A Last Voice of the Irish Revolution
The Irish Civil War ended in 1923. Eighty years on, author and documentary-maker Tom Hurley wondered if there were many civilians and combatants left from across Ireland who had experienced the years 1919 to 1923, their prelude and their aftermath. What memories had they, what were their stories and how did they reflect on those turbulent times?
In early 2003, he recorded the experiences of 18 people, conducting two further interviews abroad in 2004. Tom spoke to a cross-section - Catholic, Protestant, Unionist and Nationalist - who were in their teens or early twenties during the civil war. The chronological approach he has taken to his book spans fifty years, beginning with the oldest interviewee's birth in 1899 and ending when the Free State became a republic in 1949.
Former Dunshaughlin NS principal, the late Gerry Smyth was among the people that Tom spoke to for his book in 2003. Aged 96, at the time, he was a mine of information on the 1919-23 revolutionary years and the things he experienced and witnessed.
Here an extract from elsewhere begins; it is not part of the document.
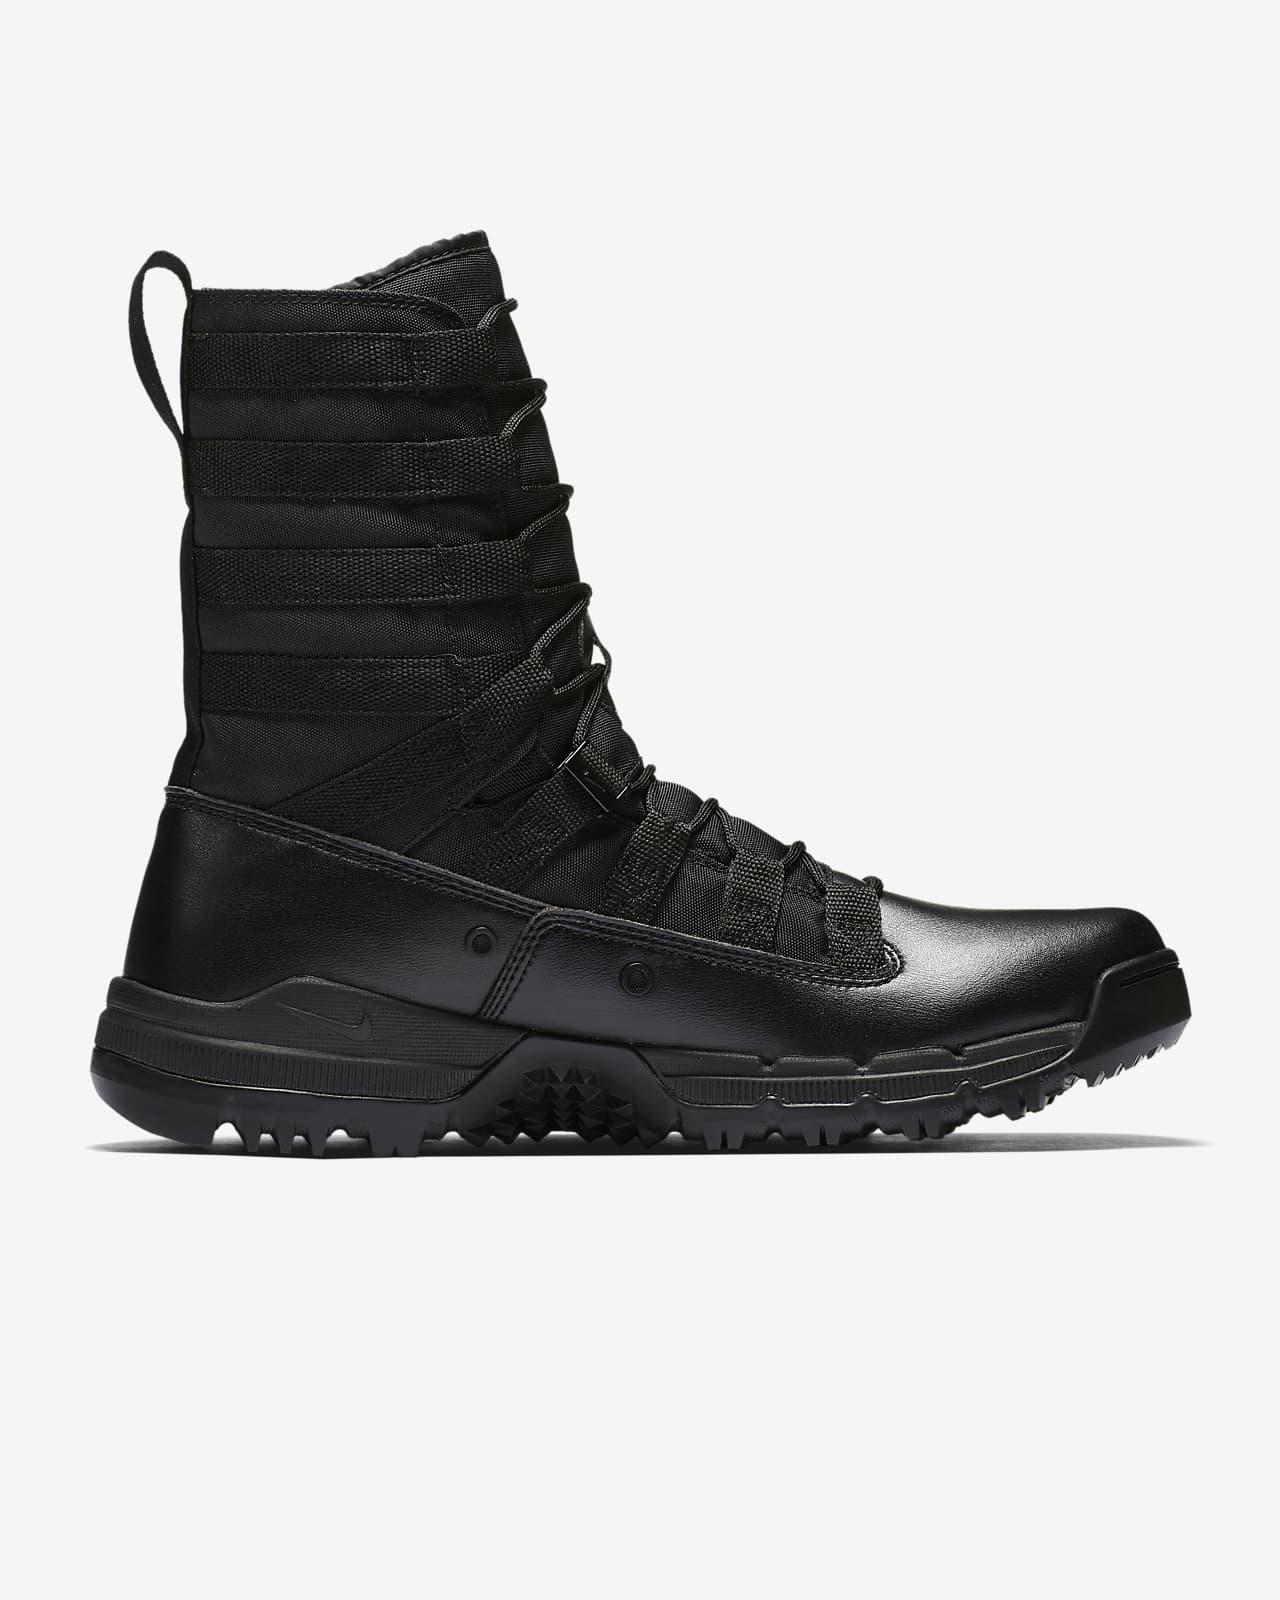 Nike SFB Gen 2 20cm (approx.) Tactical
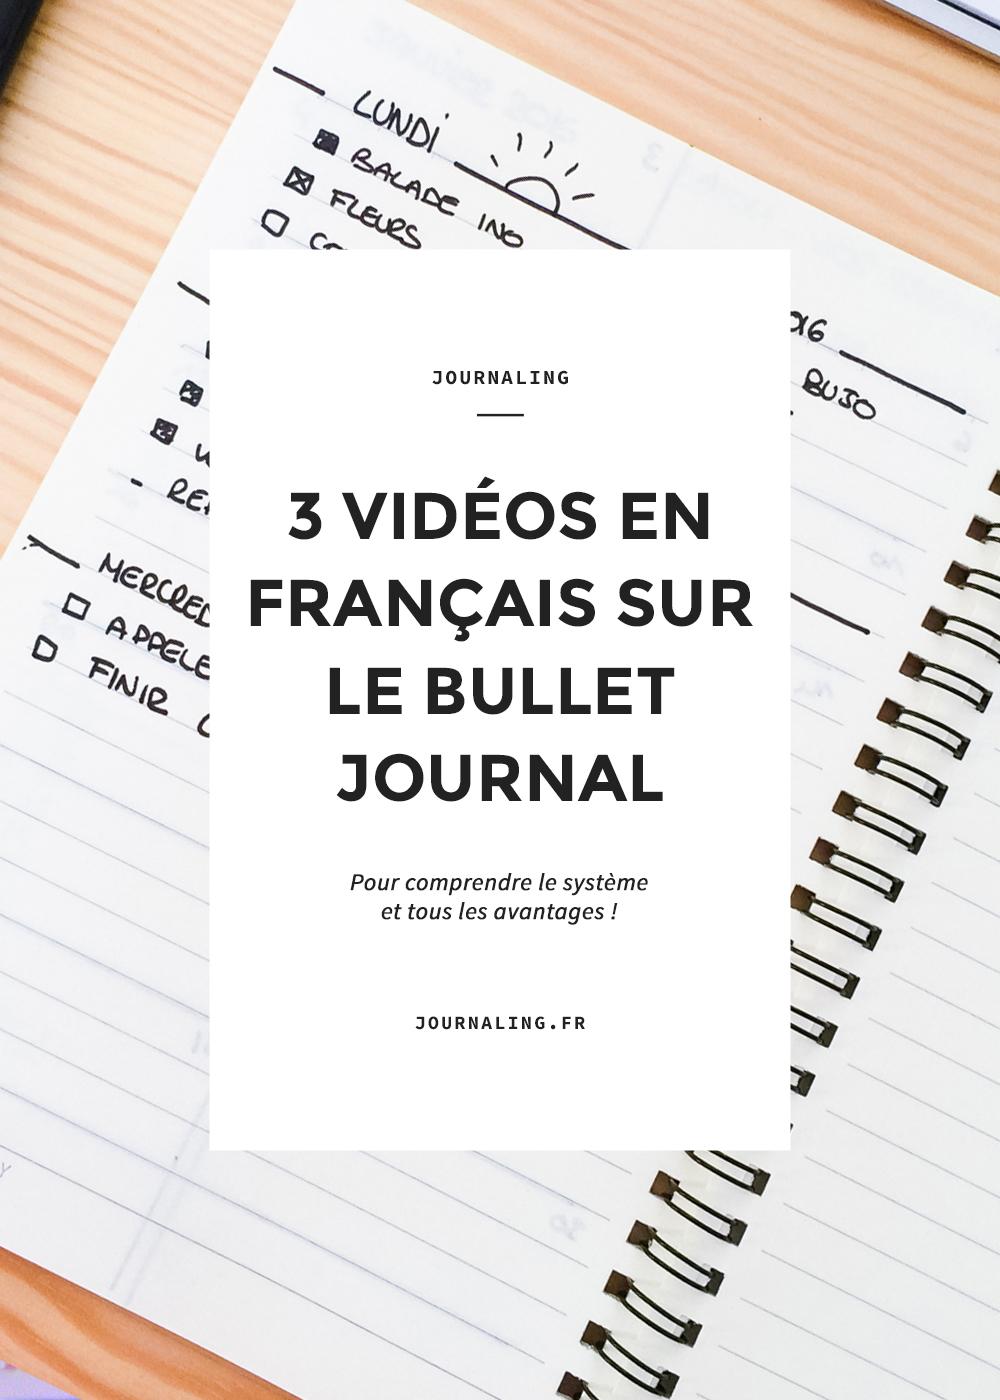 video-bullet-journal-francais

The topics Gerry discussed include his early life, Irish Volunteers, National Volunteers, the 1916 Rising, World War I, a 1919 Feis in Navan, the Battle of Ballinalee, a British raid on his house, story behind bullets he showed the author, his cousin killed in 1922, destruction to roads and the 1923 election.
In later years, Stackallen native Gerry trained as a primary teacher, becoming principal of Dunshaughlin National School in 1932. He married Lucy Peppard, of the same profession, in 1934, and the couple went on to raise a family of eight children. Lucy was principal of Dunsany NS, and the family lived at the crossroads there. During World War II, Gerry served with the LSF and upon retirement from teaching in 1972 moved to Trim. He was a founding member of Muintir na Tíre and a member of the Knights of Columbanus. Gerry always maintained an active lifestyle, and in 2003 at the age of 96 won gold medals in walking events at both the European Senior Games in Belgium and the World Senior Games in Utah, America. He resided at Saint Elizabeth’s Nursing Home in Athboy at the time of his death in 2011, aged 104.
100 years after the Civil War ended, these 20 interviews recorded by Tom Hurley come together to create a unique oral account of the revolutionary period and the tensions that were brewing in the run-up and aftermath. Together, theirs are the Last Voices of the Irish Revolution. It is published by Gill Books.